Once a person dies, they are no longer eligible for Social Security. Any payments received after the month in which a person dies must be returned to the Social Security Administration (SSA). It's not unusual for checks to be mailed or direct deposited the month after a person dies, but that money cannot be kept.
When Does the Last Social Security Check Arrive?
It's not unusual for social security payments to be issued after someone dies, as there can be a lag between the time a person's death is reported to SSA and stopping direct deposit or check processing. The fact that payment arrives after someone dies doesn't mean that it can be kept. It is important to report a death to Social Security right away and to avoid keeping payments to which the deceased individual is not entitled.
Keep Month-of-Death Payments
Social security pays out benefits one month in arrears. This means that a social security check that arrives in one month is a payment for the previous month. To illustrate:
- The social security check a person receives in January covers the month of December.

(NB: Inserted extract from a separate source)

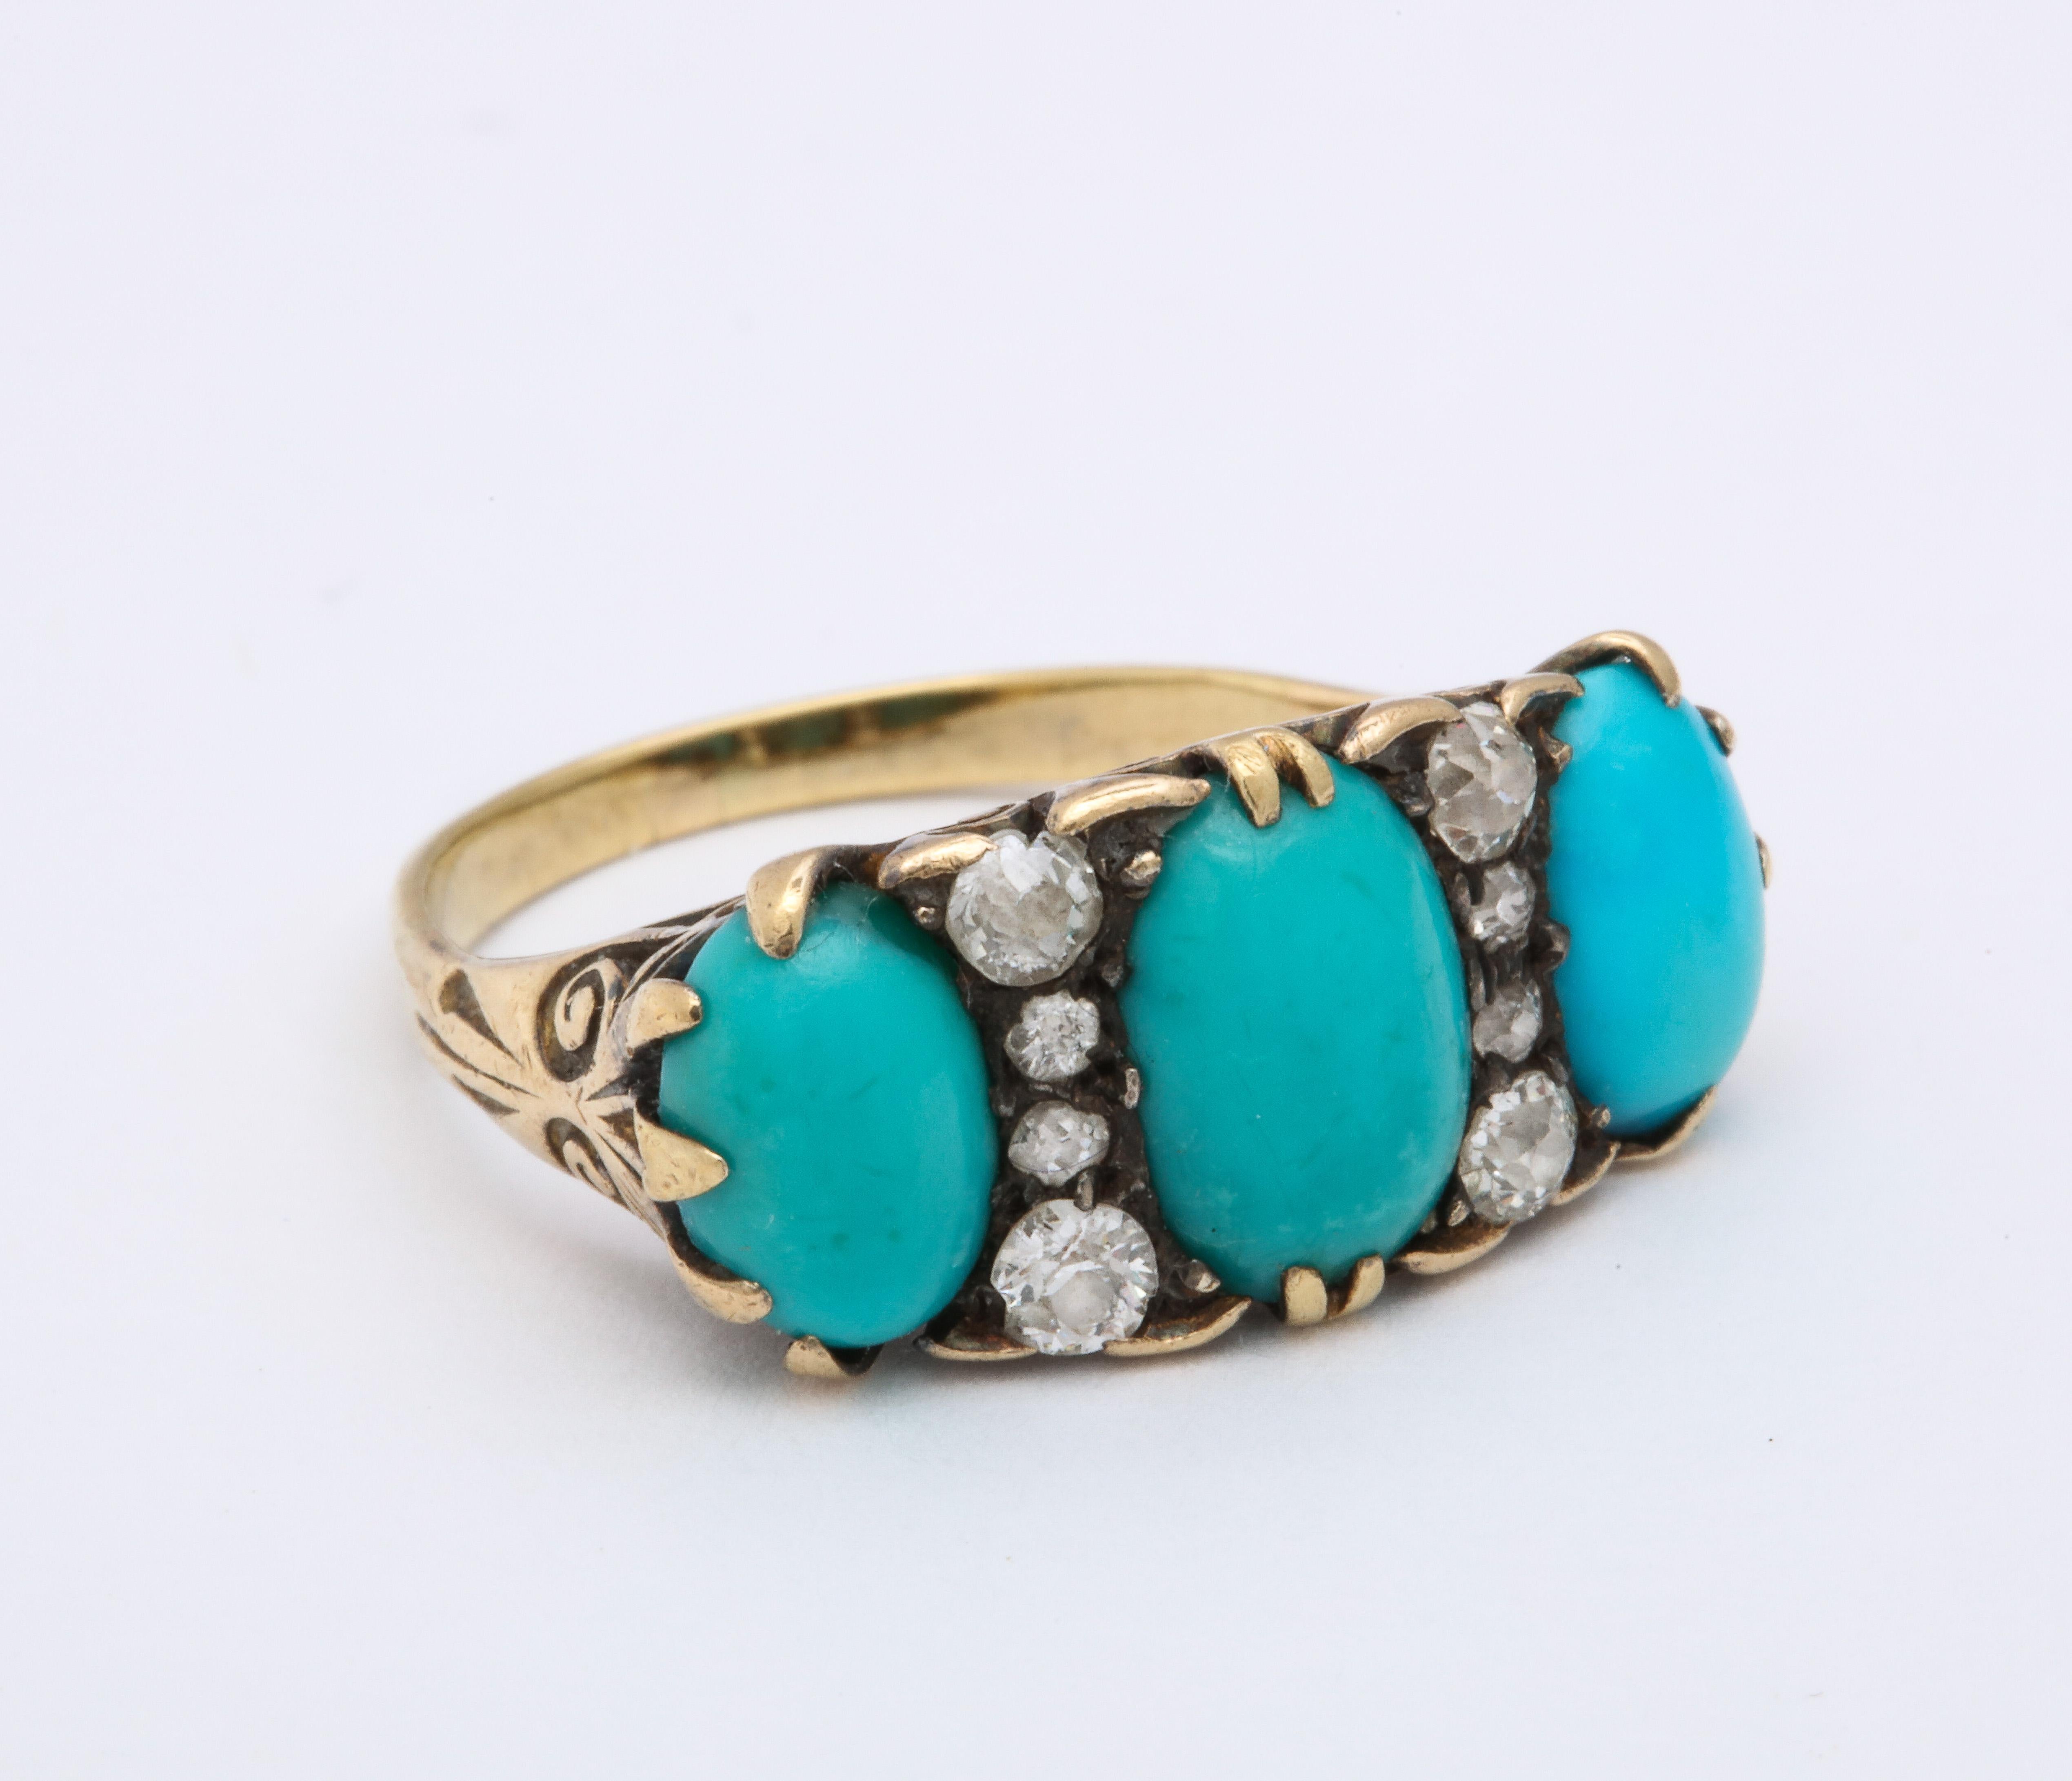 Old European Cut Antique Mid Victorian Turquoise and Diamond Ring

- If that person passes away in January, there is no need to return the payment received that month.
- It does not matter if the payment arrives before or after the person dies within the month of January.
- Even if they die on January 1, the payment that arrives that month can be kept because it was for December.
Return All Subsequent Payments
Social Security does not pay any benefits for the month in which a person dies. This means that any payments received the month after a person dies must be returned to the SSA. The same is true for any subsequent payments.
- If a February social security payment is sent to a person who died in January, it cannot be kept.
- This is because the February payment would be for January, the month in which the person died.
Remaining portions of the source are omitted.